Having grown up in a South Korean family, Lee said he feels a personal connection to the goal of liberty in North Korea. “Countless times I have seen or heard stories of the conditions in North Korea, and felt utterly helpless,” he reflected. “LiNK offers an outlet for me and many others on this campus to make a small positive impact.”

Lee hoped that the concert would serve another important purpose as well. “In our current campus climate with the recent acts of hatred and racism, as well as the larger political climate full of xenophobia, it’s nice to have a night full of fun, compassion and hope,” he said. Friday night’s performers seemed to share Lee’s vision, providing a night of uplifting songs, poems and comedy acts.

A diverse assortment of performers came together to echo Lee’s desire for fun, compassion and hope. Whether or not performers shared such a personal connection to the humanitarian crisis in North Korea, each used their own voice to make a difference.

Eric Yoon ’17 sought to challenge hatred in his act, the second of the night. Yoon has performed at the last three LiNK benefit concerts. This year he performed a portion of Beethoven’s “Appassionata,” a fast-paced and jarring classical piano piece. “You can consider it a manifestation of the frustration and anger we feel toward injustice,” Yoon commented.

Taking a brief break from music, spoken word poet Brandon Small ’19 added his voice to those combating hatred. As the night’s fourth act, Small directly addressed the racist messages left on campus last week. Reflecting on what impact the greater phenomenon of racism has had on him, Small read three of his original poems. “Are white people afraid of the word Black?” he asked, reading from his second poem, a piece called “Surprise,” in which he scrutinized the campus’s response to the anti-Black messages last week. “It’s as though they’re afraid to blacken their hands,” Small said of administrators who tiptoed around the content of the anti-Black hate speech messages. All three of his poems touched on what it means to be Black at Vassar.

With Serena Lee ’18 and Grace Bae ’18, the evening’s music resumed. The duo, both hailing from South Korea, sang in their native language, enchanting those gathered with uplifting Korean tunes.

Next, LiNK members Sandy Jiang ’19 and Elba Pascual ’19 talked briefly about LiNK’s goals. They presented a letter from a refugee named Shin Ae who was rescued using funds raised at Vassar. The letter thanked students at Vassar for their efforts and support. Shin Ae wrote in her letter, “It’s all thanks to you that I can go to South Korea. Thank you much for your help.

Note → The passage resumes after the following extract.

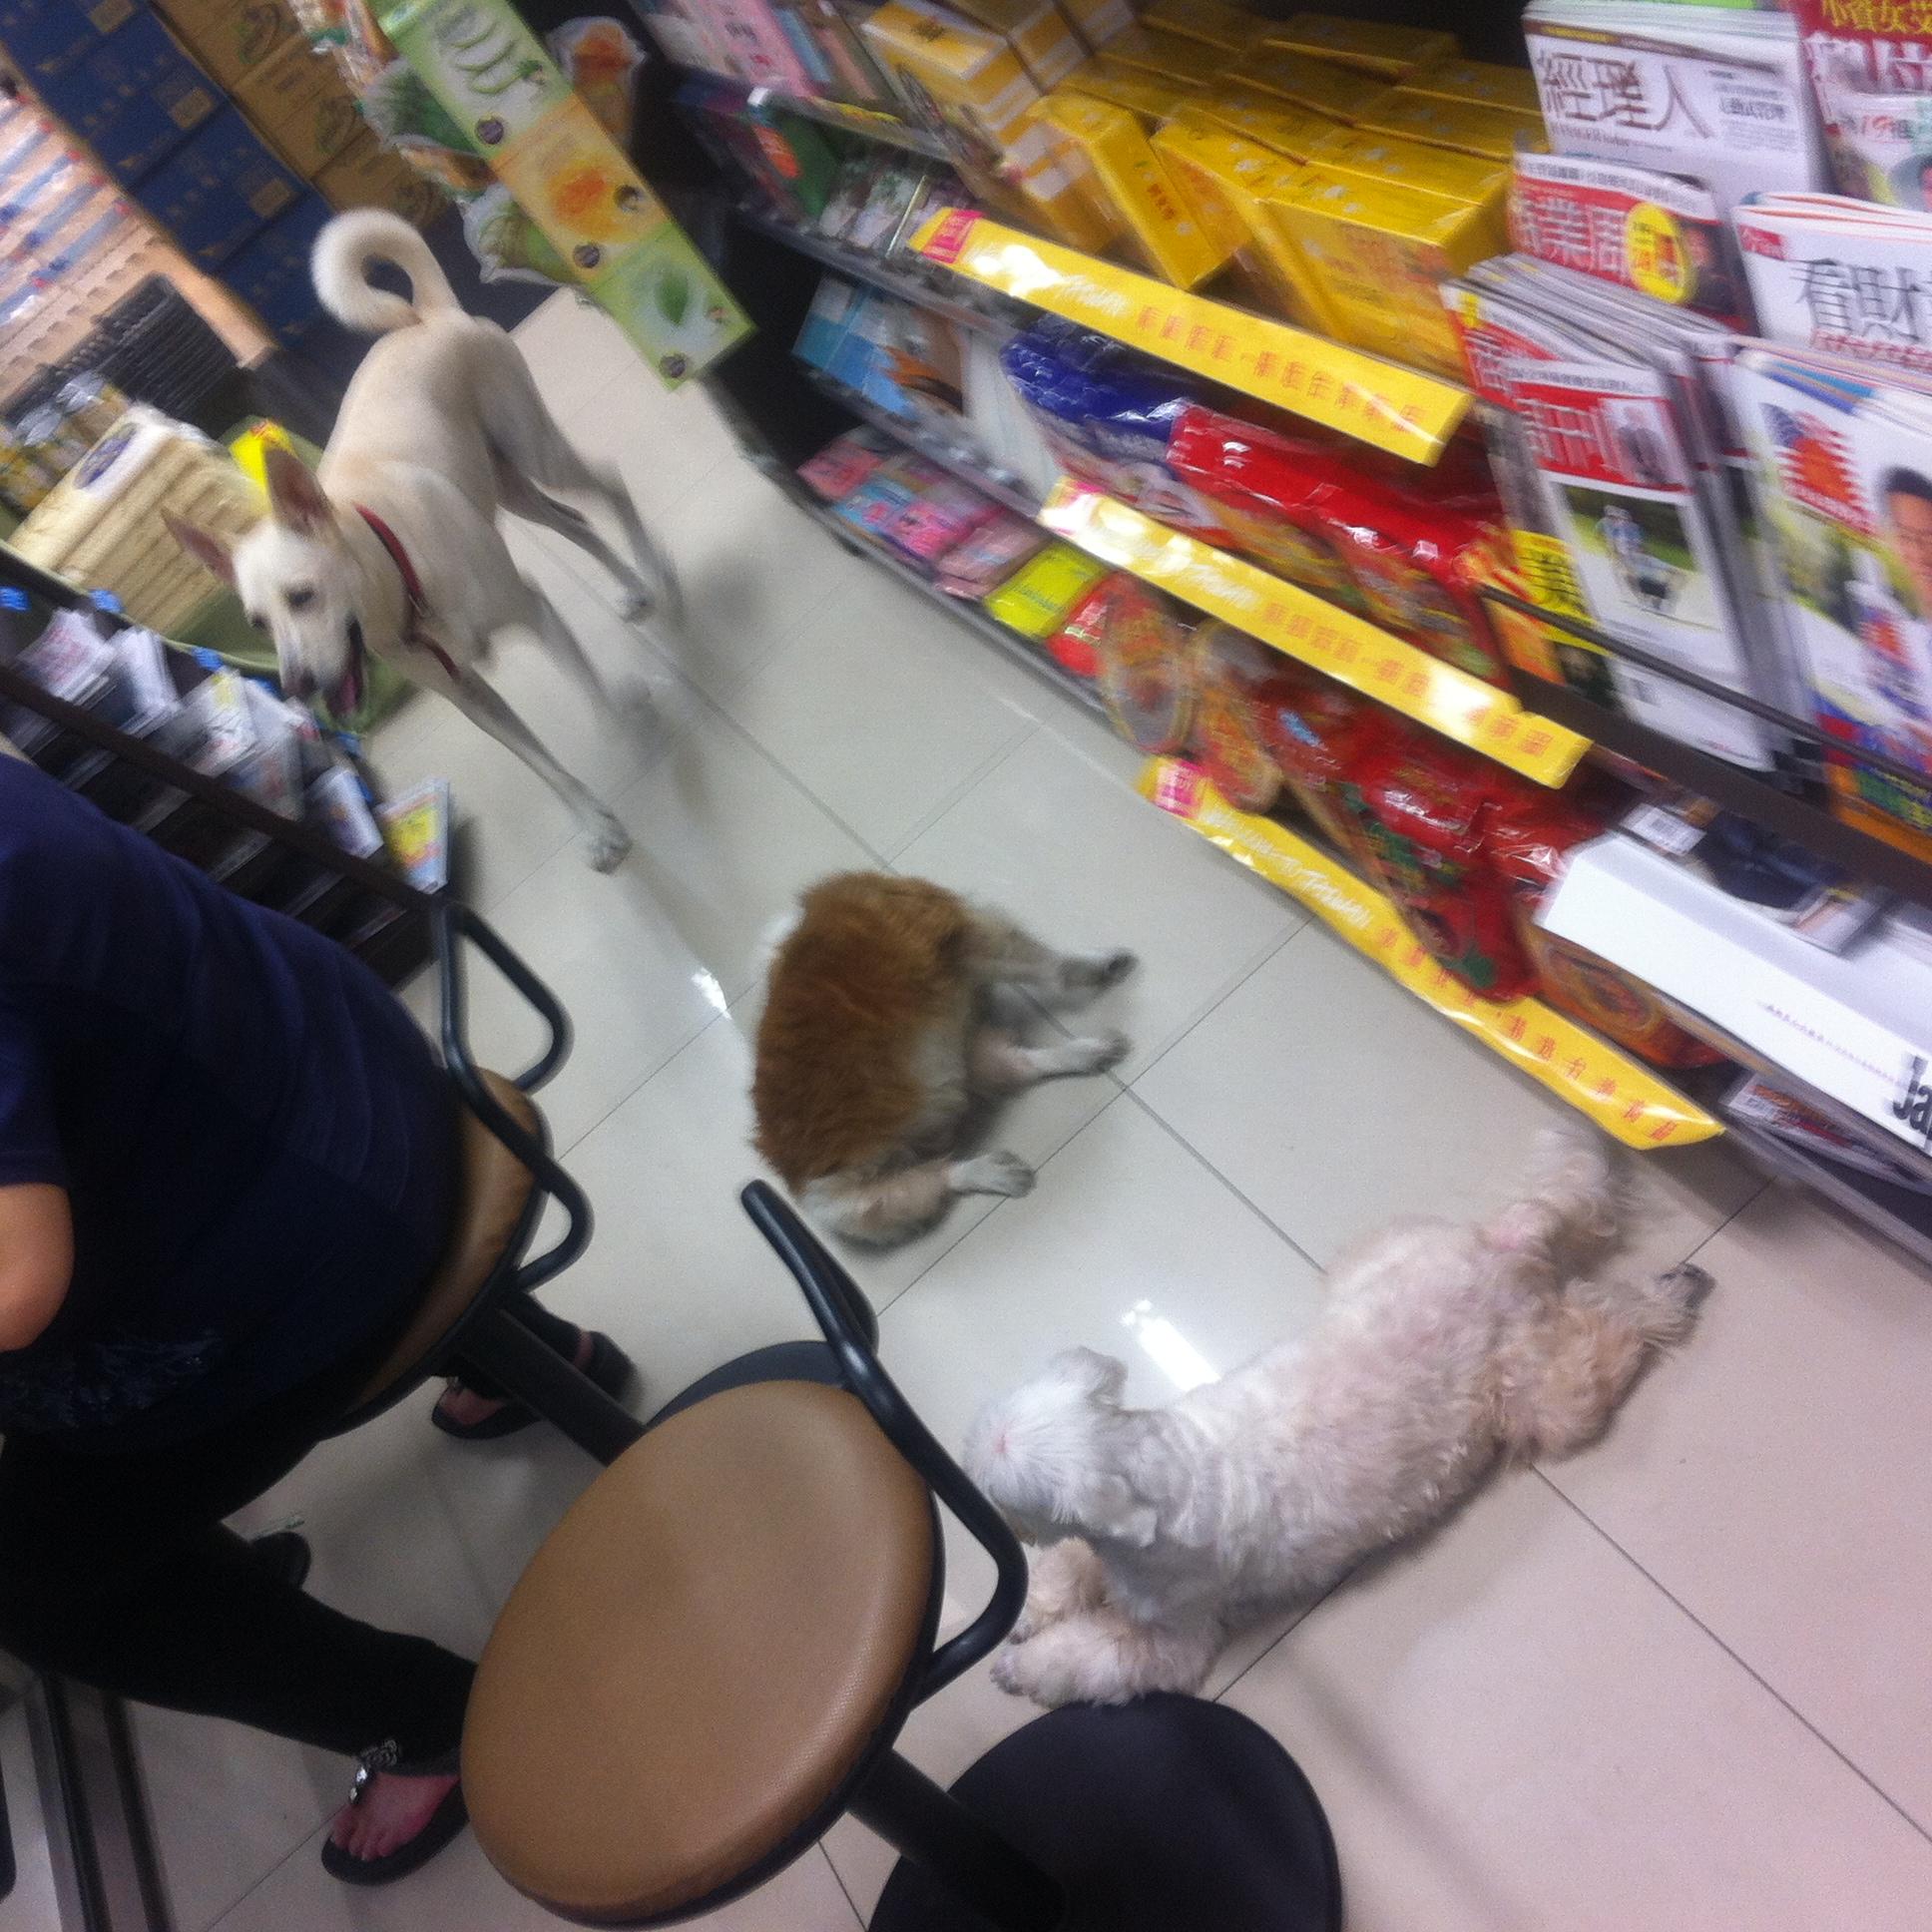 【生活】台湾のコンビニには普通に犬が入ってくる!

I won’t forget you.”

The next performer was Evelyn Frick ’19. [Full Disclosure: Evelyn Frick is the Humor and Satire Editor of The Miscellany News]. Frick, a member of Indecent Exposure, who showcased her comedic skills with an unapologetically funny stand up set. Though she is not a member of LiNK, Frick was enthusiastic about performing at the concert. “Contributing to their work, even in a small way, was wonderful,” she said. “The work they do in supporting Korean refugees is important, and I was especially glad to be a part of it.”

Francis Kundi ’18, a member of LiNK, performed a rendition of Frank Ocean’s song “Ivy.” Kundi’s thought-provoking and emotive performance gave rise to one of the most enthusiastic ovations of the night. Kundi said, “I wanted nothing more than to perform at this LiNK event.” He expressed that he was happy to be able to make a difference for those suffering in North Korea, with the added bonus of getting his cover of “Ivy”—a recording of which he anticipates releasing in the coming weeks—in people’s heads.

Other performers included Andrew Wang ’17, Jana Chiu ‘17, Eunbee Kim ’19, Bianca Barragan ’19, the a cappella groups Home Brewed and BAM and the K-Pop Dance group KoDC (pronounced “ko-deece”).

Once the performances were over, Lee took the stage one last time to thank everyone for coming. With the help of Vassar College Refugee Solidarity, LiNk will be donating clothing left over from its flea market to various other causes, reflecting LiNK’s greater goal of not only helping the people of North Korea, but also bringing people together to help those in need, wherever they may be.